§ **ABOUT THIS TASK**: Print a faithful copy of the data below, word for word, with the pictures left out.

====== DATA BELOW ======

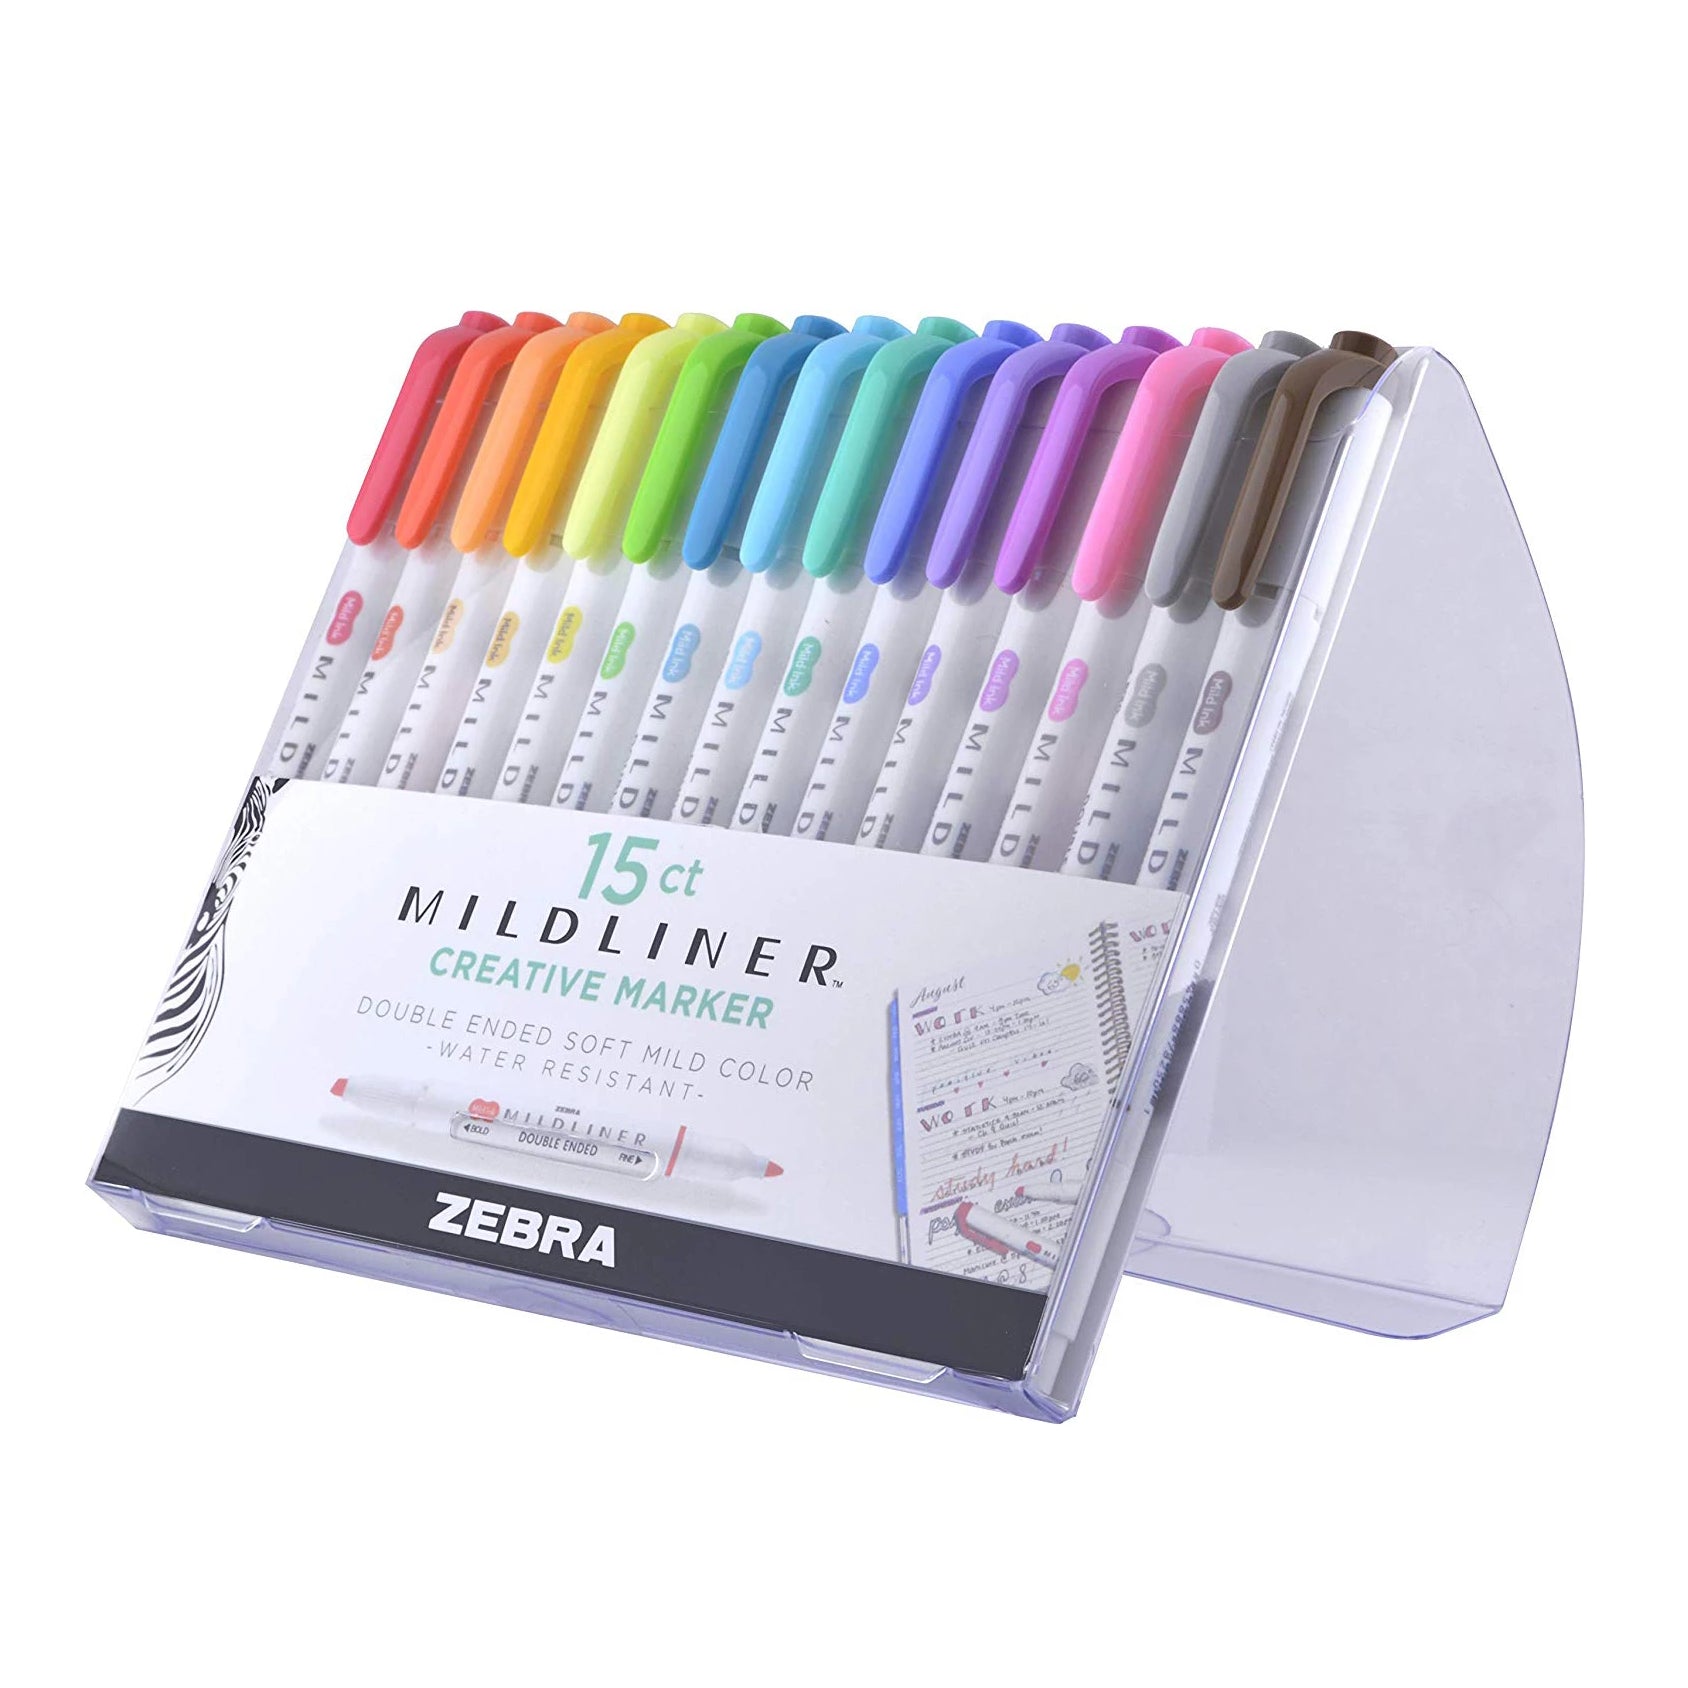 Zebra Mildliner™ Double Ended Creative Marker Set, Fluorescent
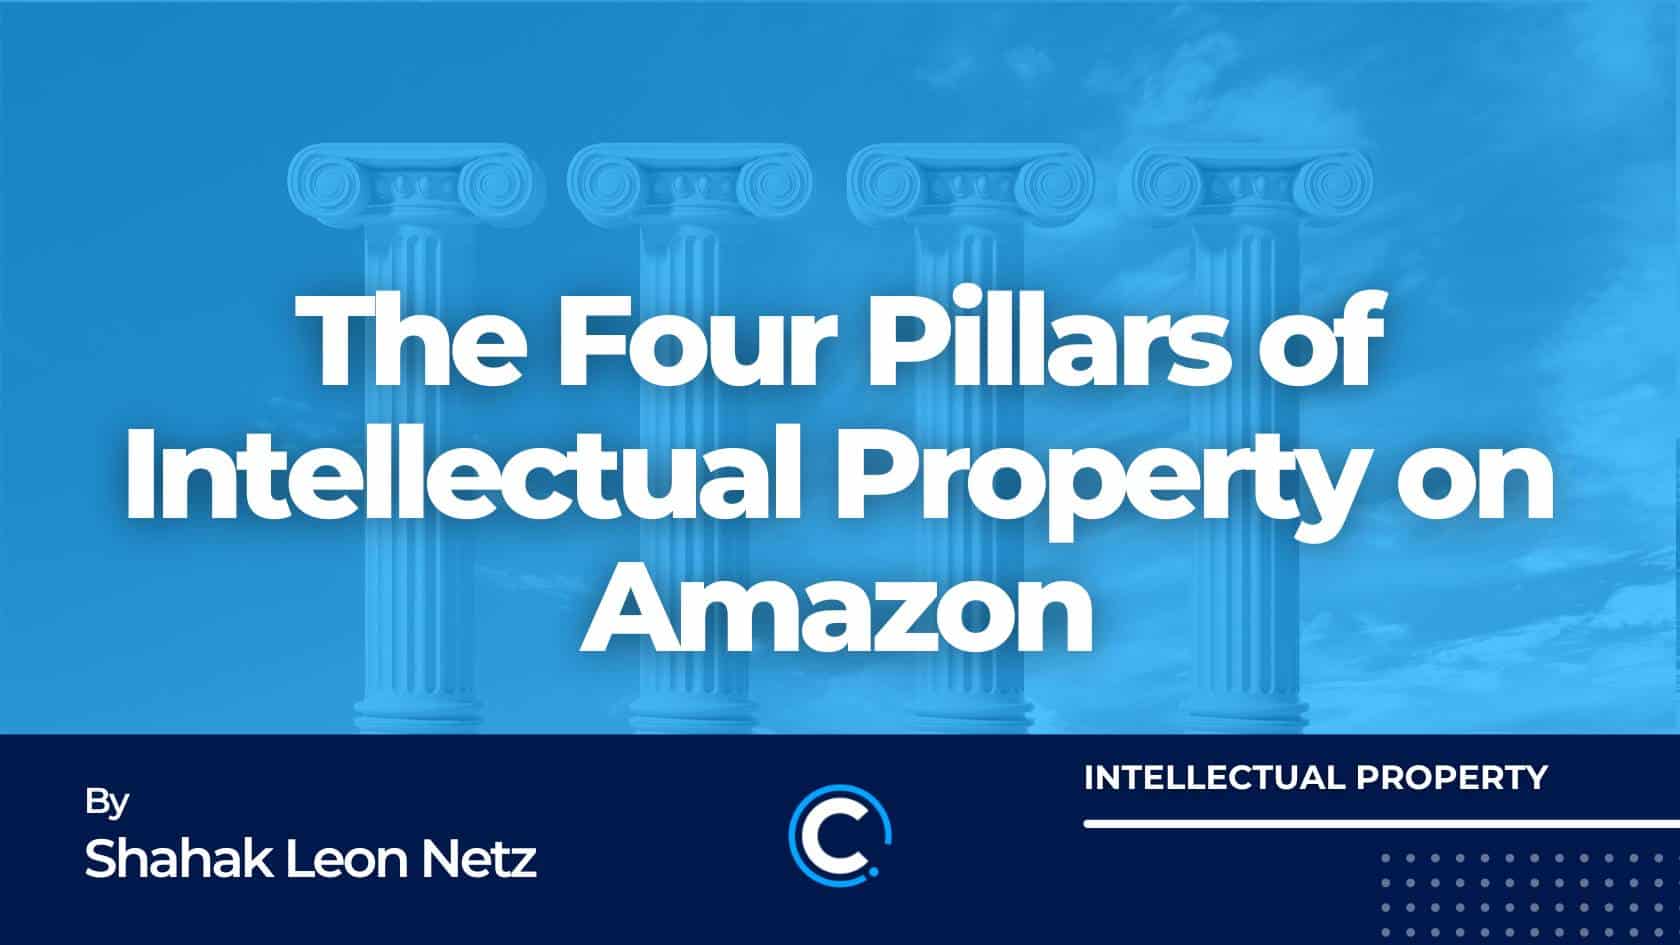 The-Four-Pillars-of-Intellectual-Property-on-Amazon1.jpg
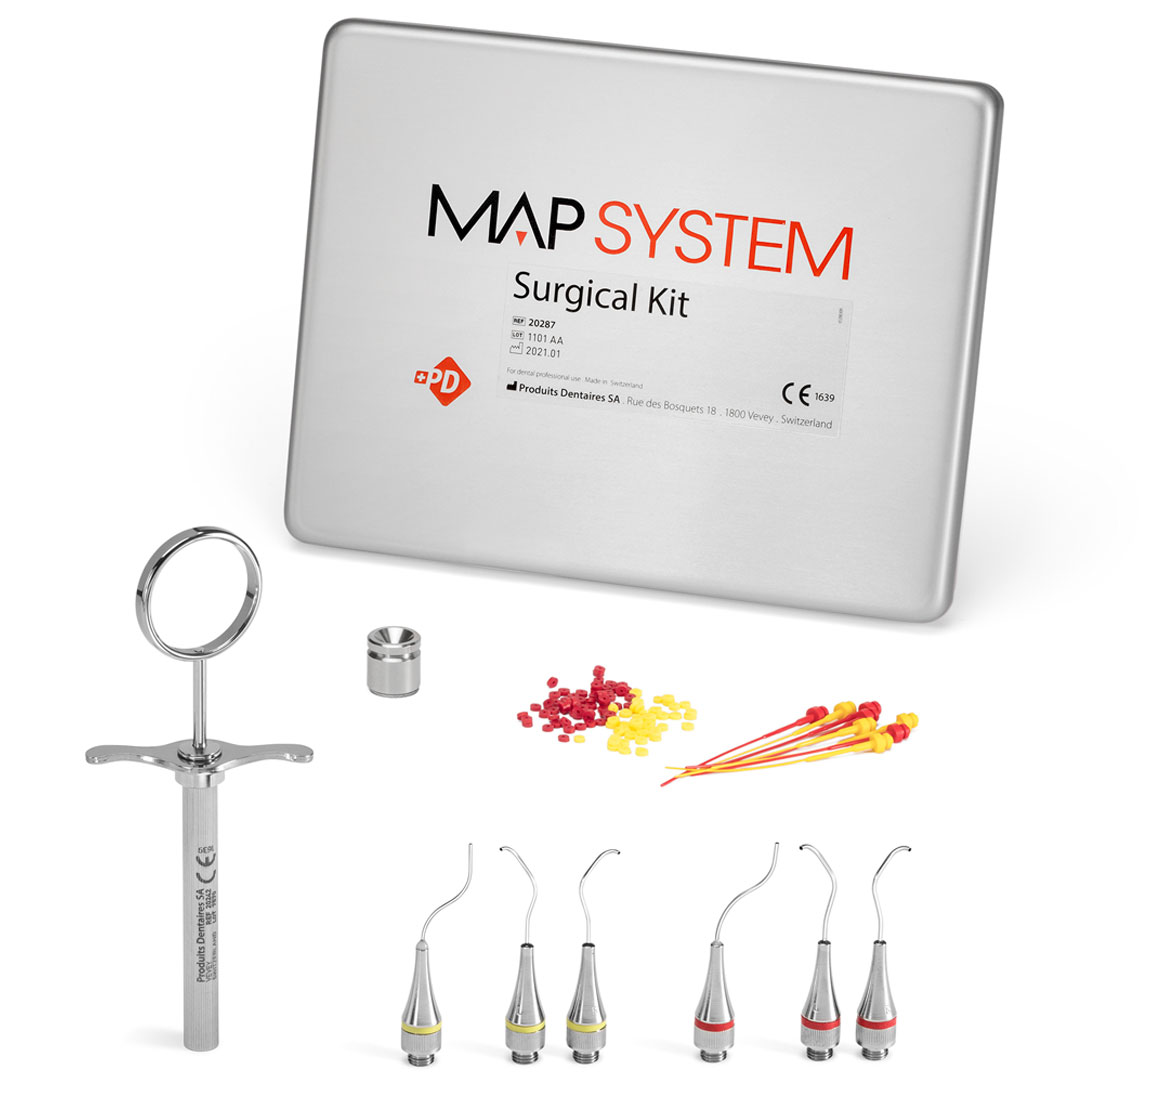 Compre productos del kit Quirúrgico Map System®.

======

§ **REPLY TO THE TASK**:
 Zebra Mildliner™ Double Ended Creative Marker Set, Fluorescent
 The-Four-Pillars-of-Intellectual-Property-on-Amazon1.jpg
 Compre productos del kit Quirúrgico Map System®.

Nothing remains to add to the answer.